# IDE Channel Problem?



## fredde (May 9, 2008)

On one of my early builds I get this hardware install error at startup. (_There was a problem installing this hardware ide channel An error occurred during the installation of the device. The driver is not intended for this platform_). I also see 2 primary and 2 secondary ide channels in the Device Manager. All 4 have a yellow exclamation. This error started after I uninstalled the ide channels. I was trying to correct another problem. The M/B is an Asus P4P 800 Dlx. O/S is WinXp Pro.
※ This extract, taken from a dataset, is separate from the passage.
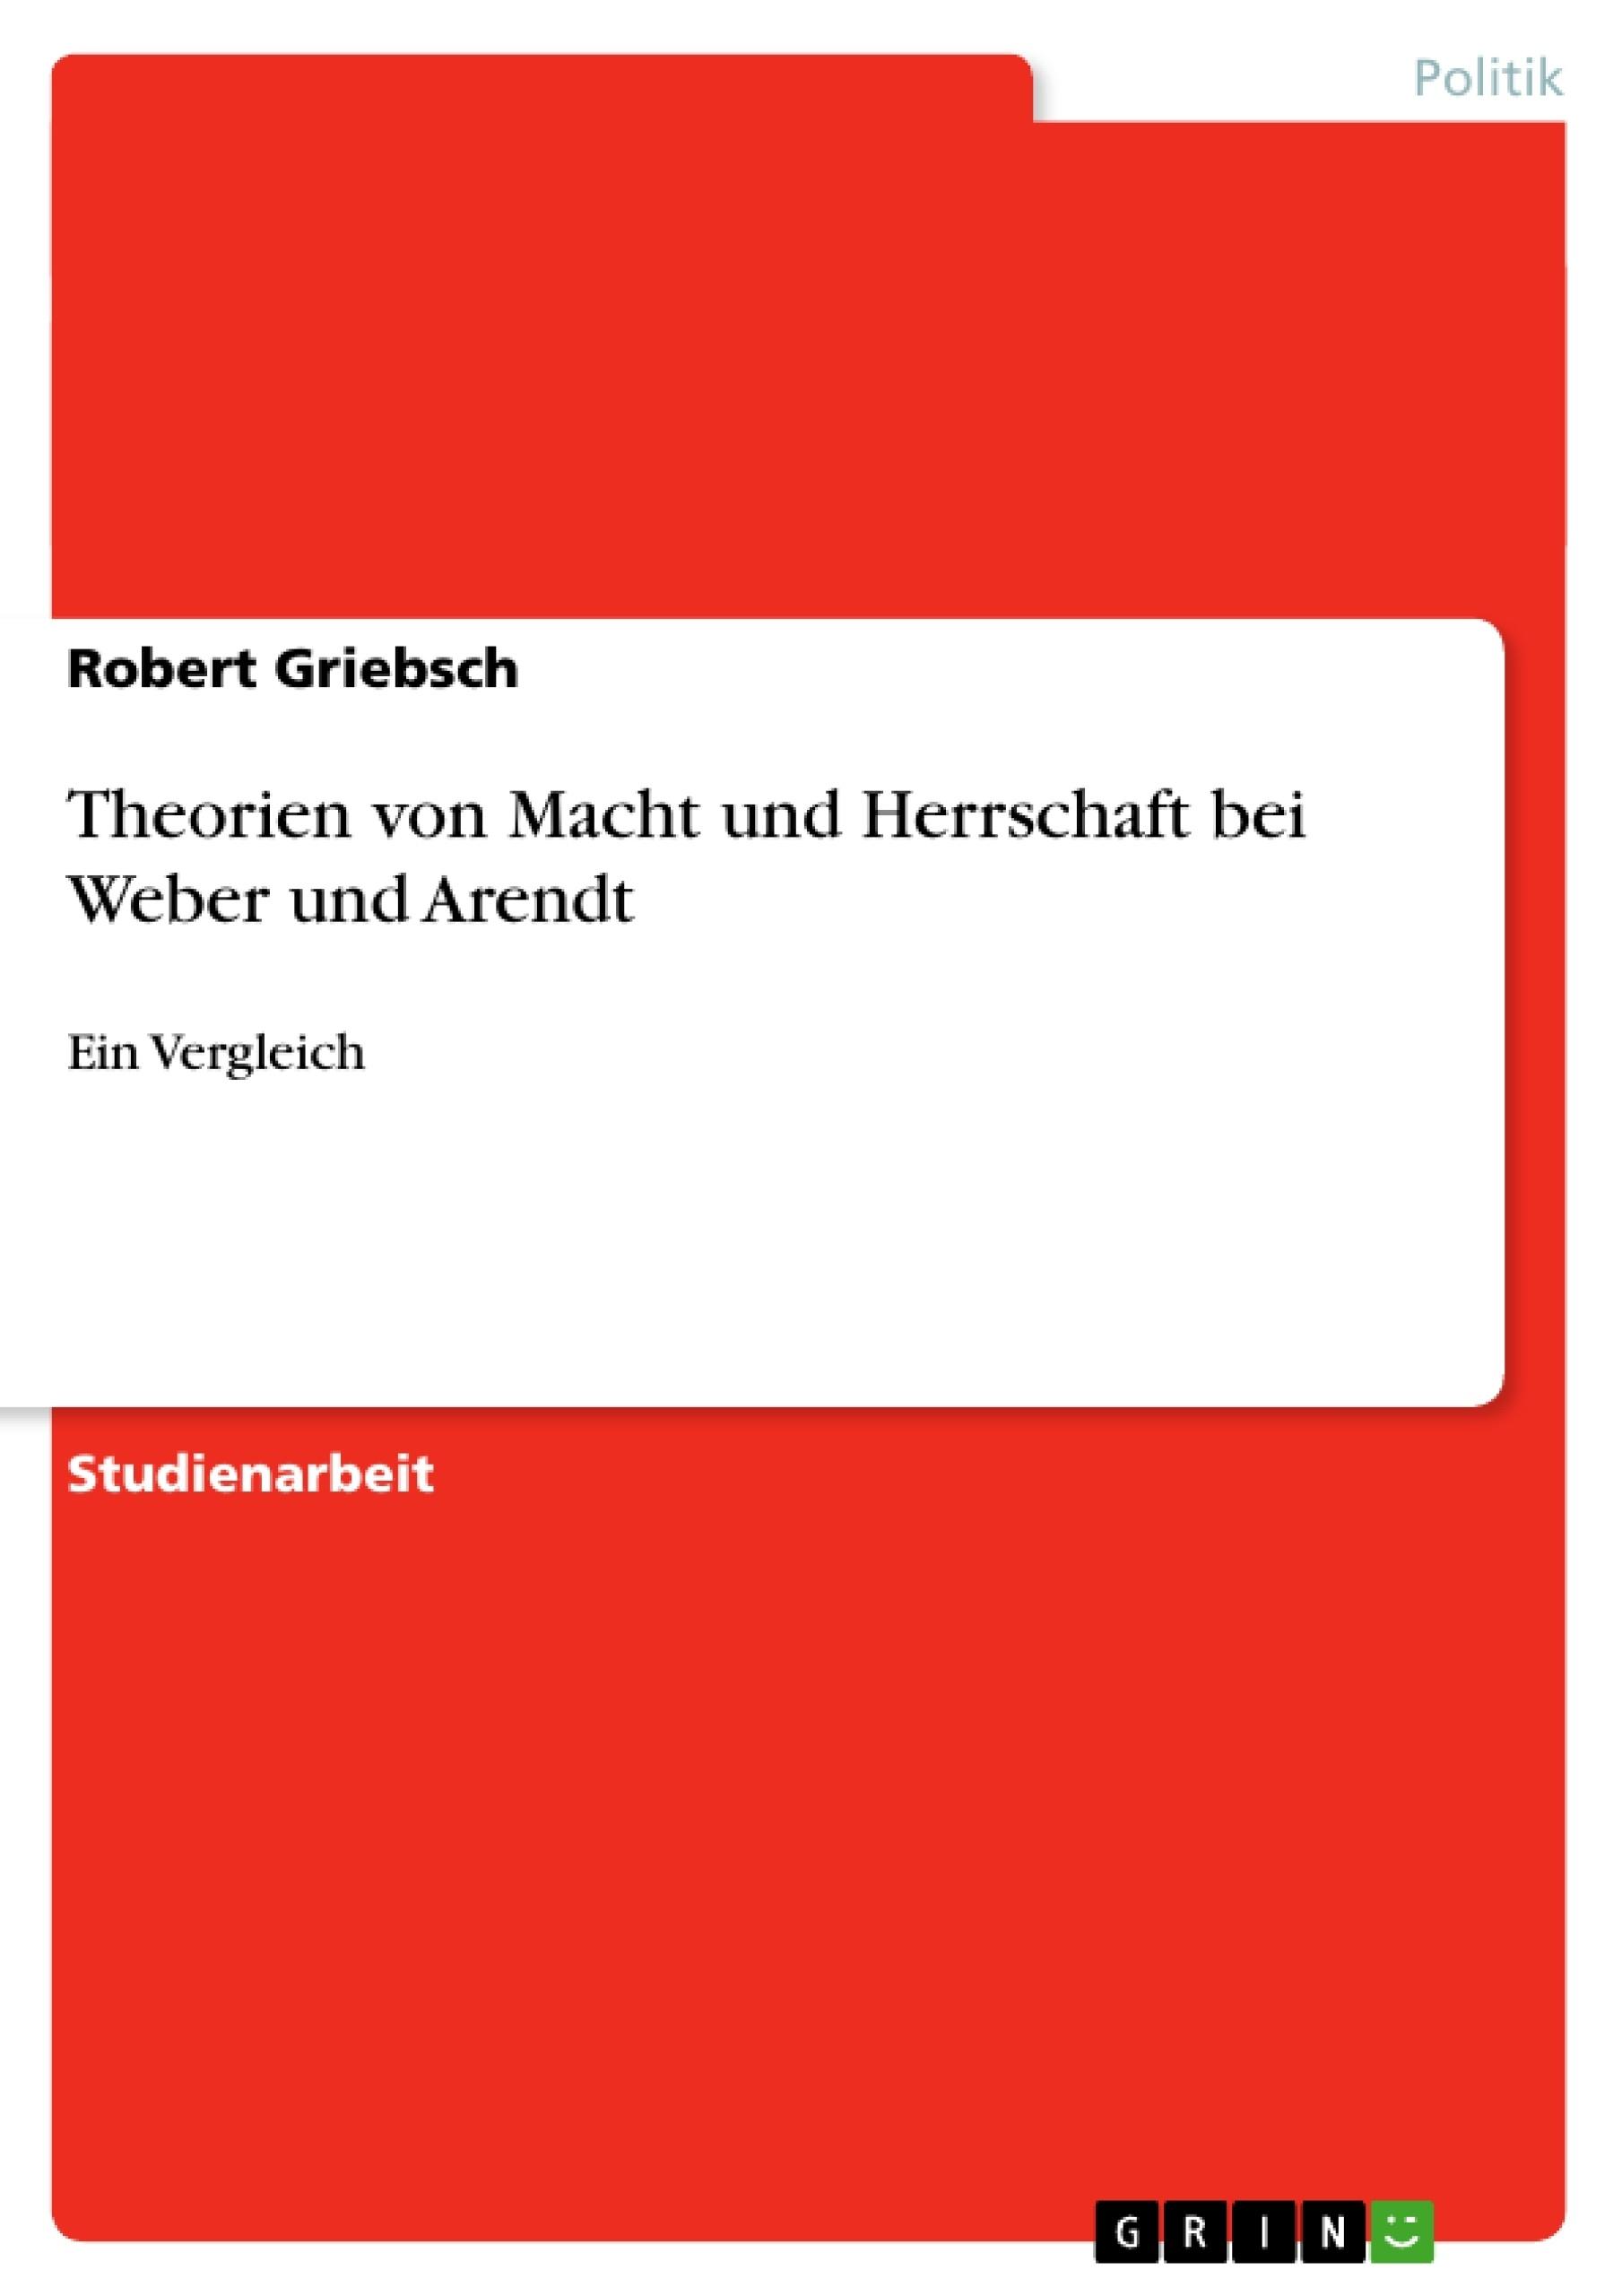 Titel: Theorien von Macht und Herrschaft bei Weber und Arendt

The CD-Rom and Dvd Burner I have on these channels both work. I have read that this occurs because of a DMA problem. Is this possible? If so, how can I fix it?


----------



## lemonadesoda (May 9, 2008)

Go to device manager.






Change driver on IDE to "Standard IDE driver", for both channels.
Shutdown.
Disconnet (temporarily the CD and DVD devices)
Reboot.
After reboot, install Intel Chipset Utility for 865 chipset.
Is it working?


----------



## fredde (May 9, 2008)

lemonadesoda said:


> Go to device manager.
> 
> 
> 
> ...



Thanks Much. I can't get to the comp till tomorrow. I will check back.

Thanks again.


----------